Portuguese researcher

Gonçalo Rocha Abecasis (born 1976) is a Portuguese American biomedical researcher at the University of Michigan, serves as Vice President & Chief Genomics and Data Science Officer at the Regeneron Genetics Center, and was chair of the Department of Biostatistics in the School of Public Health. He leads a group at the Center for Statistical Genetics in the Department of Biostatistics, where he is also the Felix E. Moore Collegiate Professor of Biostatistics and director of the Michigan Genomic Initiative. His group develops statistical tools to analyze the genetics of human disease.

==Education and early life==
Abecasis is the oldest of 12 children in his family, born in Moura to José Manuel and Maria Teresa. He grew up in Portugal and Macau (then Portuguese Macau). After learning computer programming in a high school club, he received a Bachelor of Science degree in Genetics from the University of Leeds in 1997, working with Marie-Anne Shaw, and a D. Phil in human genetics from the University of Oxford in 2001, working with William Cookson and Lon Cardon.

==Research==
Abecasis works on statistical and computational approaches to human genetic disease, including psoriasis and cardiovascular diseases. His group develops tools to analyze and visualize biomedical data, often using C++. He first applied his programming knowledge during his Ph.D. studies to develop tools to analyze the data on asthma susceptibility that his project was generating. He continued as a biostatistician when he moved to Michigan in 2001, where he was recruited and mentored by Michael Boehnke. He is a proponent of data sharing. His work has included the 1000 Genomes Project and a collaboration with Oxford researchers.

==Awards and honours==
Abecasis won an Excellence in Research Award from the University of Michigan School of Public Health in 2008, and he became a professor at the University of Michigan in 2009. He won the 2013 Overton Prize from the International Society for Computational Biology, giving a keynote speech at the ISMB, and was named a Pew Scholar by the Pew Charitable Trusts in 2005. His work was cited in 2010 by US Vice-President Joe Biden in a speech on the importance of biomedical research regarding the Recovery Act Innovation Report.

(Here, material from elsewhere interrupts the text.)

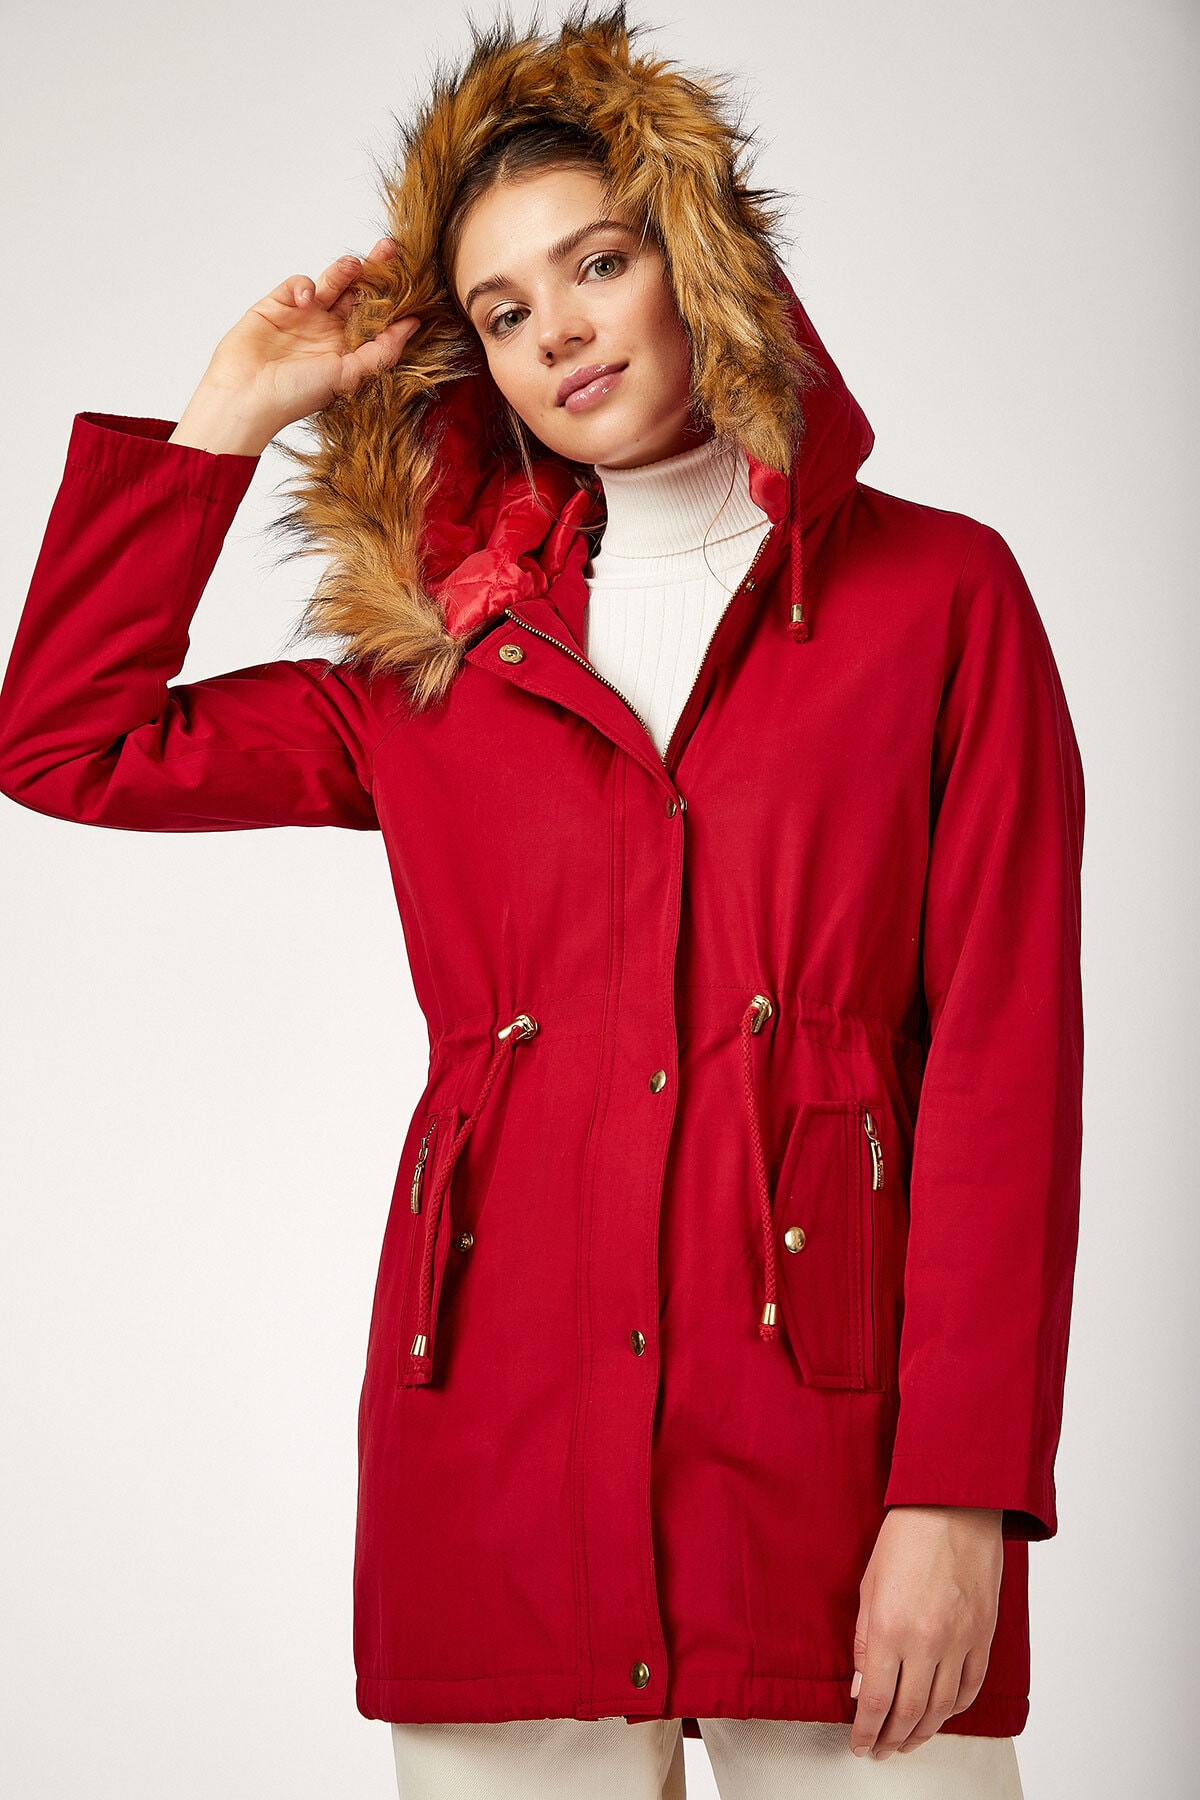 Bigdart 9064 Hooded Fur Coat - Red

His published work is influential - as of 2018, he had an h-index of 145 and 144,018 citations. Thomson Reuters noted that he had 10 'hot papers' (in the top 0.1% by citations) in 2009. He was also noted for his 'hot papers' in 2011 and 2012.

In October 2014, he was awarded the Curt Stern Award in Human Genetics by the American Society of Human Genetics (jointly with Mark J. Daly).

He was elected to the Institute of Medicine in October 2014.

==Personal life==
Goncalo is married to University of Michigan scientist Cristen Willer. They have five children.